For the purpose of the present invention as described herein above, it should be noted that - method steps likely to be implemented as software code portions and being run using a processor at an apparatus (as examples of devices, apparatuses and/or modules thereof, or as examples of entities including apparatuses and/or modules therefore), are software code independent and can be specified using any known or future developed programming language as long as the functionality defined by the method steps is preserved;

- generally, any method step is suitable to be implemented as software or by hardware without changing the idea of the aspects/embodiments and its modification in terms of the functionality implemented;

- method steps and/or devices, units or means likely to be implemented as hardware components at the above-defined apparatuses, or any module(s) thereof, (e.g., devices carrying out the functions of the apparatuses according to the aspects/embodiments as described above) are hardware independent and can be implemented using any known or future developed hardware technology or any hybrids of these, such as MOS (Metal Oxide Semiconductor), CMOS (Complementary MOS), BiMOS (Bipolar MOS), BiCMOS (Bipolar CMOS), ECL (Emitter Coupled Logic), TTL (Transistor-Transistor Logic), etc., using for example ASIC (Application Specific IC (Integrated Circuit)) components, FPGA (Field- programmable Gate Arrays) components, CPLD (Complex Programmable Logic Device) components or DSP (Digital Signal Processor) components;

- devices, units or means (e.g. the above-defined apparatuses, or any one of their respective units/means) can be implemented as individual devices, units or means, but this does not exclude that they are implemented in a distributed fashion throughout the system, as long as the functionality of the device, unit or means is preserved;

- an apparatus may be represented by a semiconductor chip, a chipset, or a (hardware) module comprising such chip or chipset; this, however, does not exclude the possibility that a functionality of an apparatus or module, instead of being hardware implemented, be implemented as software in a (software) module such as a computer program or a computer program product comprising executable software code portions for execution/being run on a processor;

- a device may be regarded as an apparatus or as an assembly of more than one apparatus, whether functionally in cooperation with each other or functionally independently of each other but in a same device housing, for example.

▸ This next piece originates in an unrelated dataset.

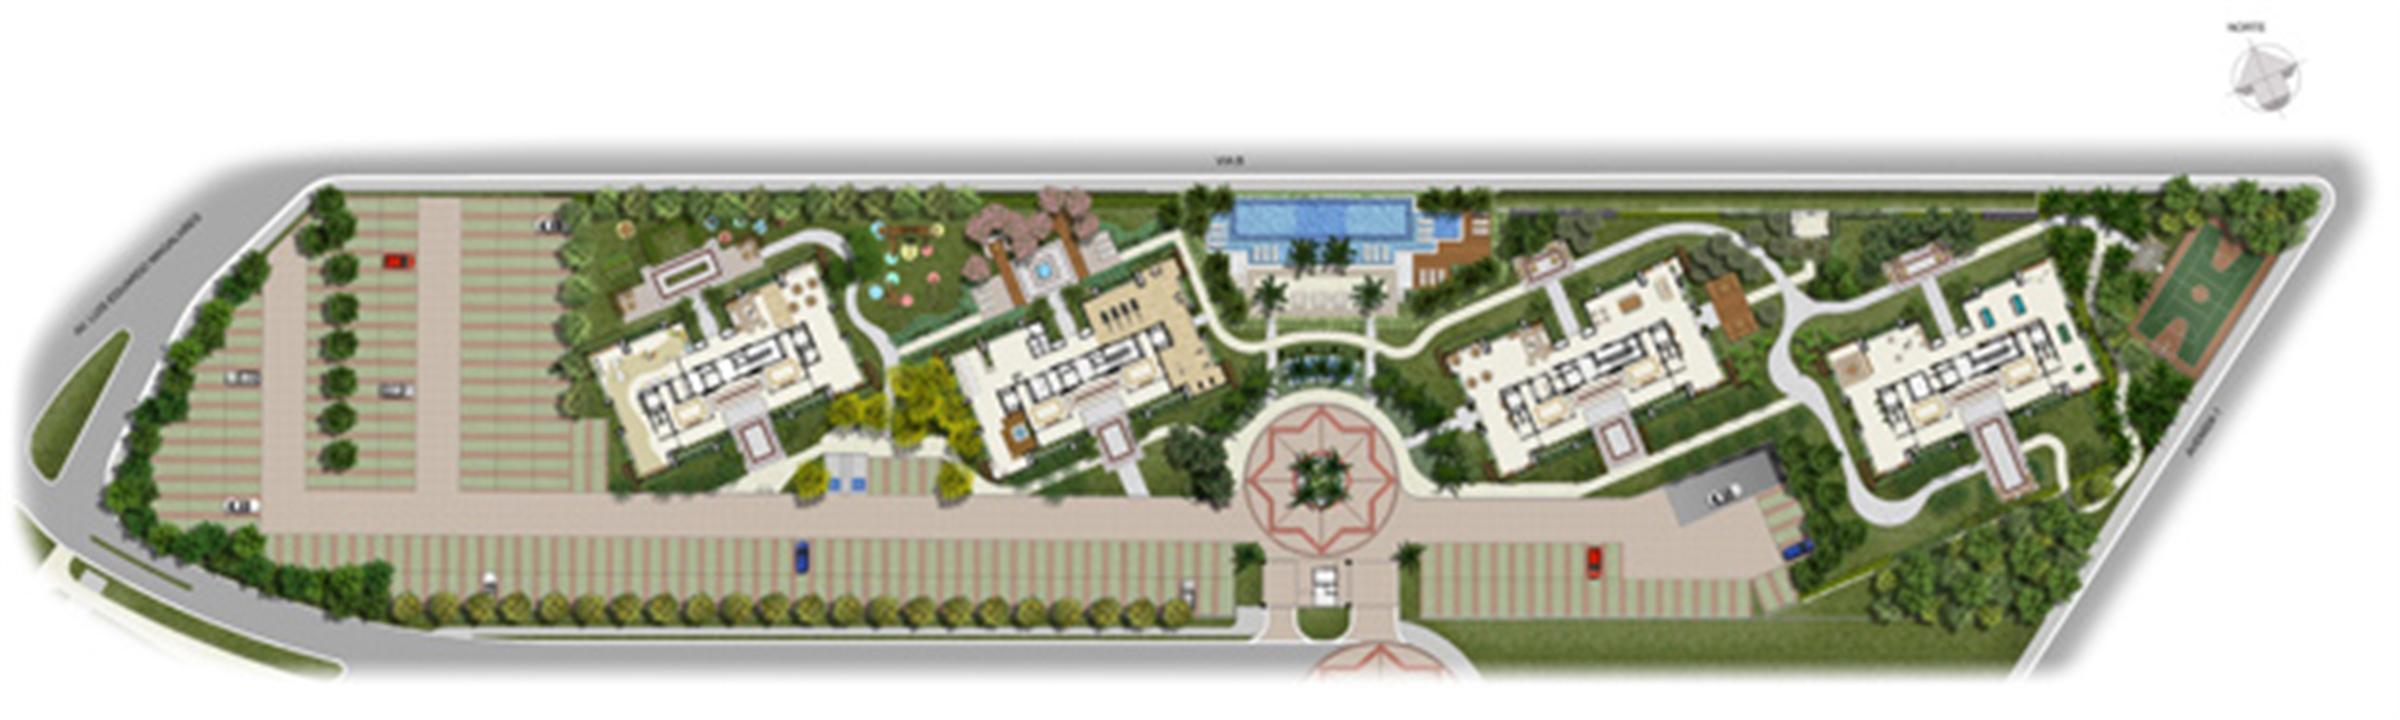 Perspectiva Ilustrada da Implantação | Jardim de Vêneto – Apartamentoem  Altos do Calhau - São Luís - Maranhão

In general, it is to be noted that respective functional blocks or elements according to above-described aspects can be implemented by any known means, either in hardware and/or software, respectively, if it is only adapted to perform the described functions of the respective parts. The mentioned method steps can be realized in individual functional blocks or by individual devices, or one or more of the method steps can be realized in a single functional block or by a single device.

Generally, any method step is suitable to be implemented as software or by hardware without changing the idea of the present invention. Devices and means can be implemented as individual devices, but this does not exclude that they are implemented in a distributed fashion throughout the system, as long as the functionality of the device is preserved. Such and similar principles are to be considered as known to a skilled person.

Software in the sense of the present description comprises software code as such comprising code means or portions or a computer program or a computer program product for performing the respective functions, as well as software (or a computer program or a computer program product) embodied on a tangible medium such as a computer-readable (storage) medium having stored thereon a respective data structure or code means/portions or embodied in a signal or in a chip, potentially during processing thereof.

It is noted that the aspects/embodiments and general and specific examples described above are provided for illustrative purposes only and are in no way intended that the present invention is restricted thereto. Rather, it is the intention that all variations and modifications which fall within the scope of the appended claims are covered.